-------- GIVEN INFORMATION
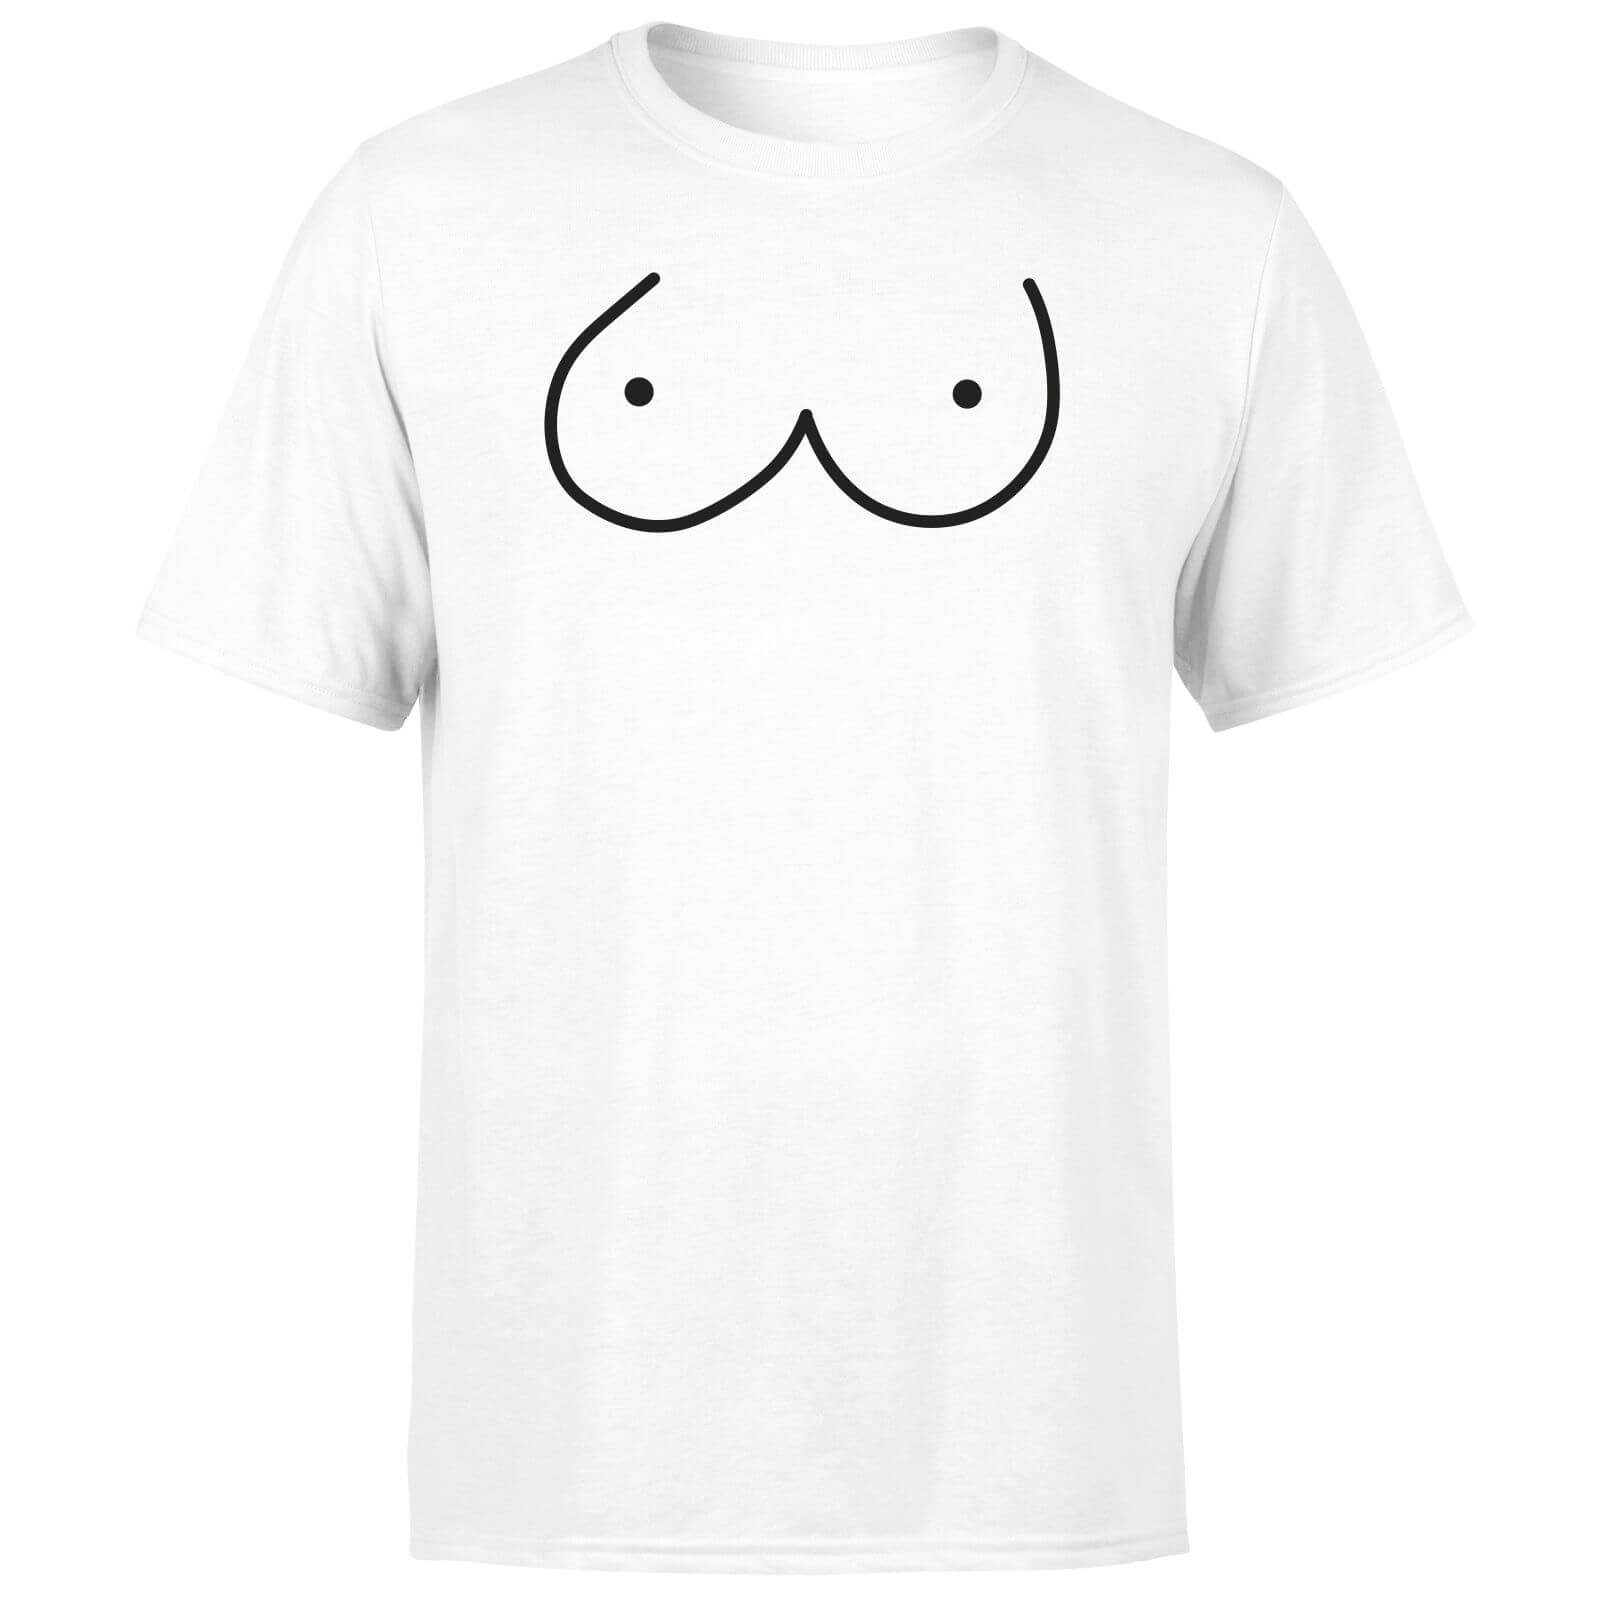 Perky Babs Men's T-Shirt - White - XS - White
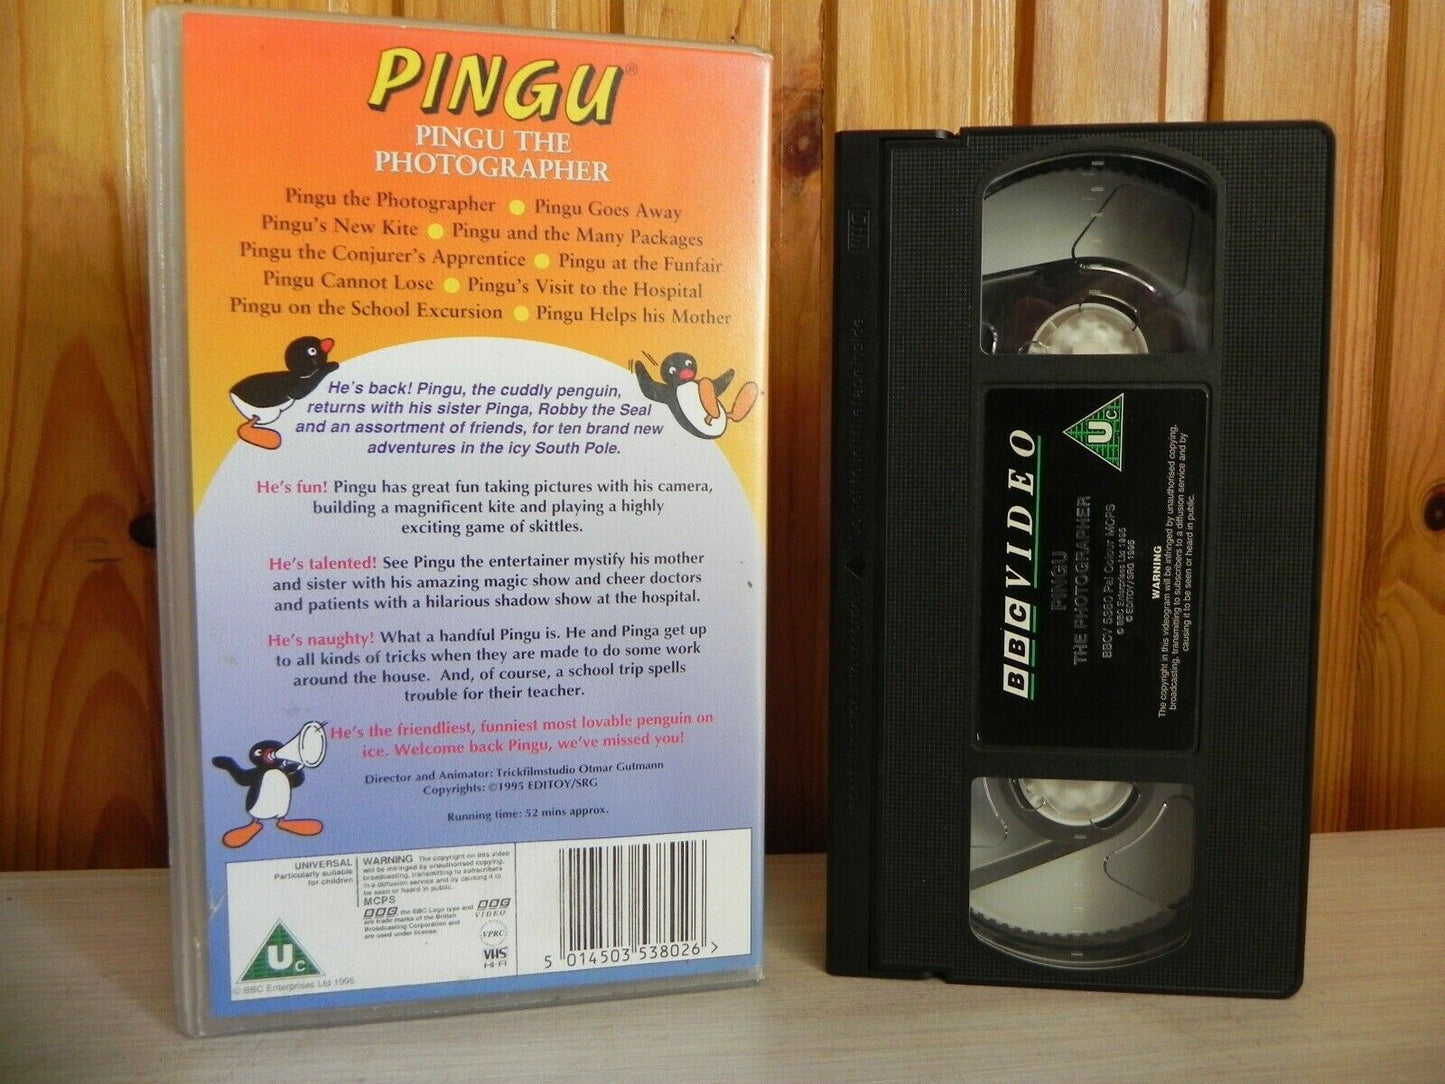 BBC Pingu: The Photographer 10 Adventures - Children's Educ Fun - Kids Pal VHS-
----------------
-------- GIVEN INFORMATION
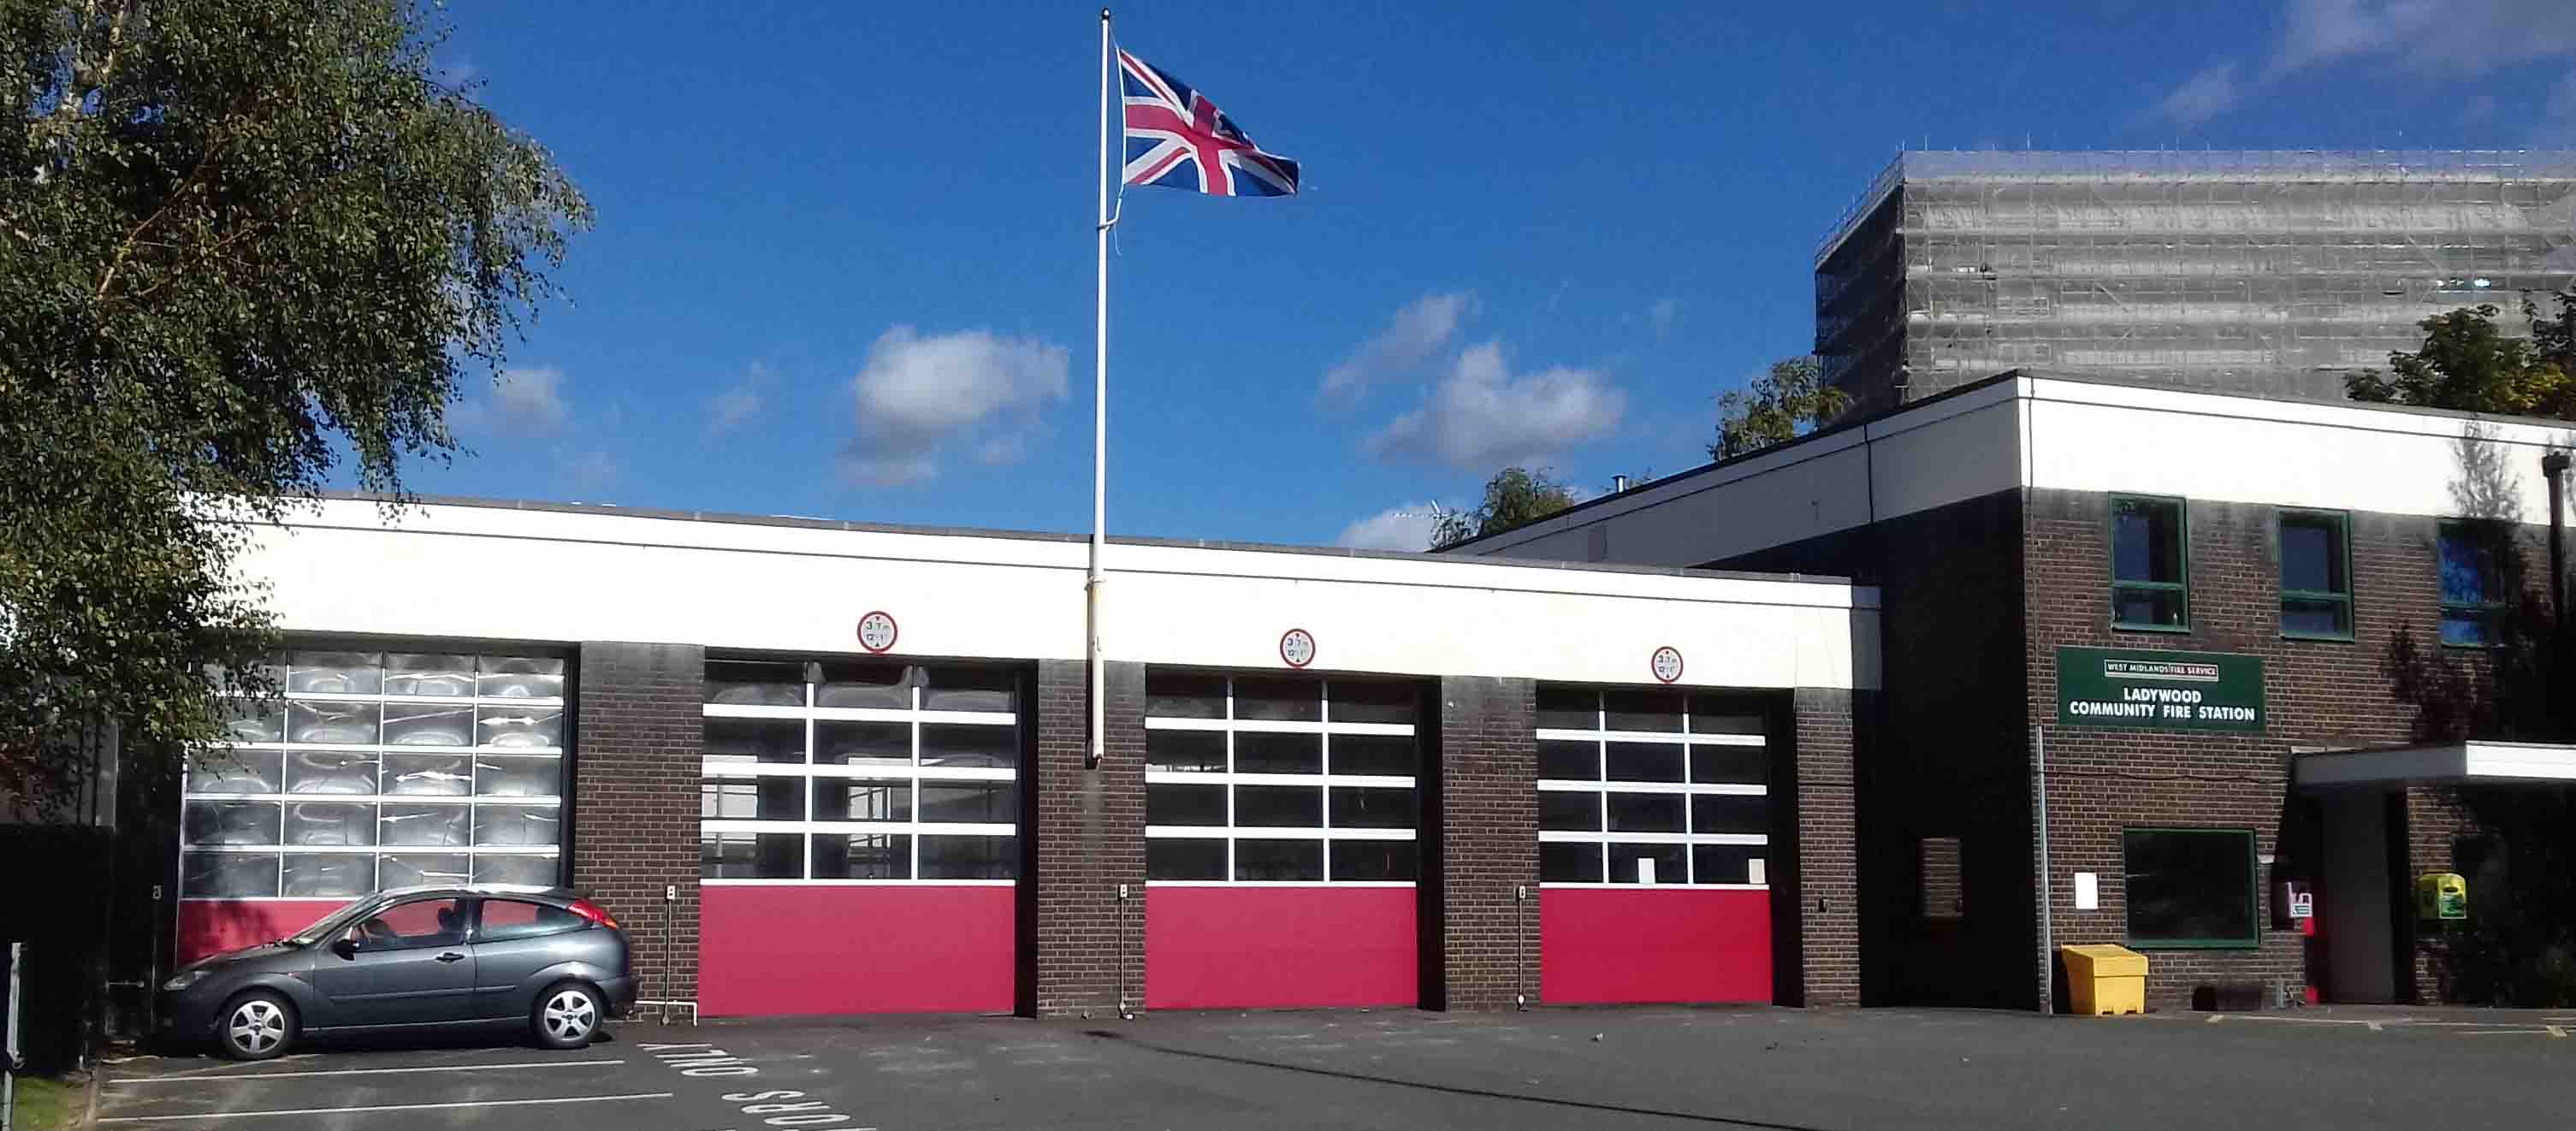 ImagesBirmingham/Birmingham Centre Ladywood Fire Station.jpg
----------------
- **WHAT THE TASK ASKS**: Please output the lines above beginning at the line with "Perky Babs Men's" and ending after the line with "BBC Pingu: The", precisely as written and with no pictures.

- **SOLUTION FOR THIS TASK**:
 Perky Babs Men's T-Shirt - White - XS - White
 BBC Pingu: The Photographer 10 Adventures - Children's Educ Fun - Kids Pal VHS-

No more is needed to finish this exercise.